The Evernote and the Evernet

It's when something just comes together, that intuitively makes sense with a Web application that you sigh, wish you'd thought of it and sign up for it right away, that thrills me with the Web. But what is really interesting is when it can find sustainability. There are a number of Web apps that get introduced, are seen as cool, people email them around, blog or now "tweet" and thousands sign-up. Great. Eyes for ads or VC money. Three months later, they've faded, the VC money is gone and the creator is struggling to monetize the sight.

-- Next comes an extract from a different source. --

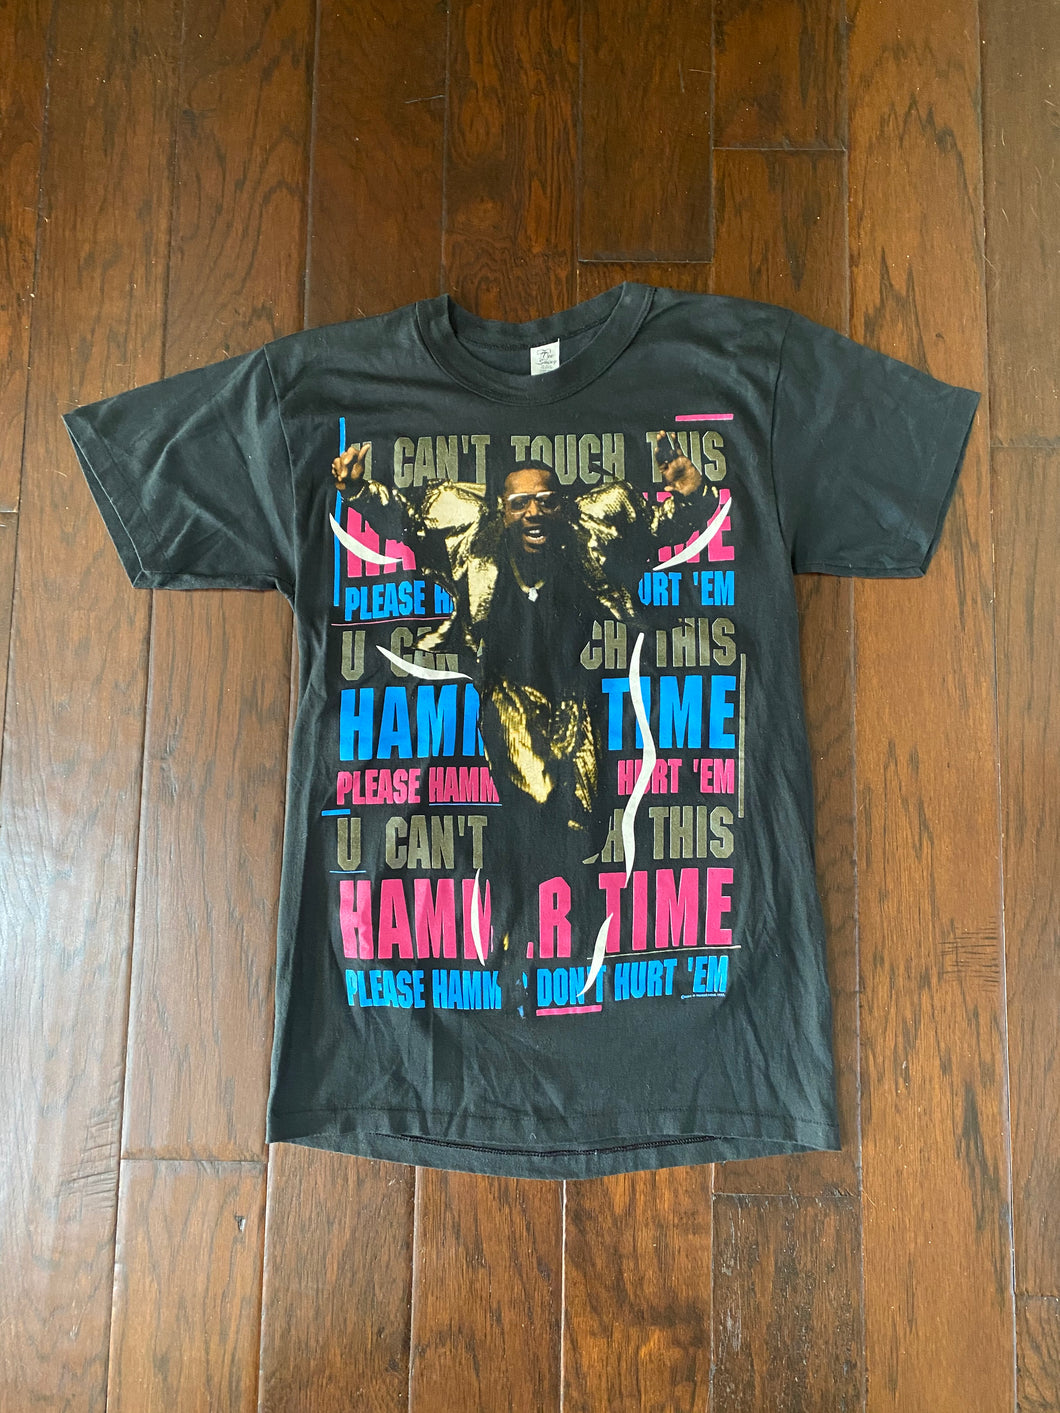 MC Hammer 1990 “U Can’t Touch This” Vintage Distressed T-shirt

Many, including myself, dumped on Twitters parade for a long time. Even though we signed up and used it here and there. Then we started to use it more...now I Tweet a few times a day. Although I get enough to deal with via my BlackBerry I've no interest in txting to Twitter. I say that now...

But this isn't about Twitter, this is about a kind of "mash-up-come-stickie-note" application called Evernote. There've been lots of social bookmarking sites and then there are "reminder" applications, and file search applications like Quicksilver (granted it's not a Web app really) and then there have been clipping apps. Evernote brings the whole thing all together. Seamlessly. Integrating the vital elements of the knowledge workers world; laptop/dekstop, mobile device with camera app, browser. They've looked at a macro-level of the applications, devices and uses of the people on the Web, and understand the "extended web."

So the first thing I wonder is "how do they make the money?" Cool and useful apps are great, but if they can't be monetized for a profit then they're just charity applications. Rather useless for development unless you open source the code. Right now, Evernote is in Beta - good move for this product and following an approach that works; get it out in Beta, measure uptake and understand load factors, usability issues and other glitches. Then develop to refine on the back-end while raising money. An excellent strategy that saves on development cost budgets as well and gets good PR.

But just hanging around the Evernote site and watching the ubiquitous "how to" video done in YouTube player, I decided "I would buy this", without knowing a price. I jabbered with a couple of colleagues and yes, they would as well. I think they could easily charge $50 or a small subscription fee for just the Web based version. In fact, there are several models. It is a scalable architecture (so it would seem) and it blends critical user activities into one spot. Brilliant. If Twitter was the app of 2007, then Evernote should be the app of 2008. Hands down. Looking forward to the formal release...but then Google's been in beta for years and it's just fine.

A final thought - this Evernote, it is yet another example of the Evernet.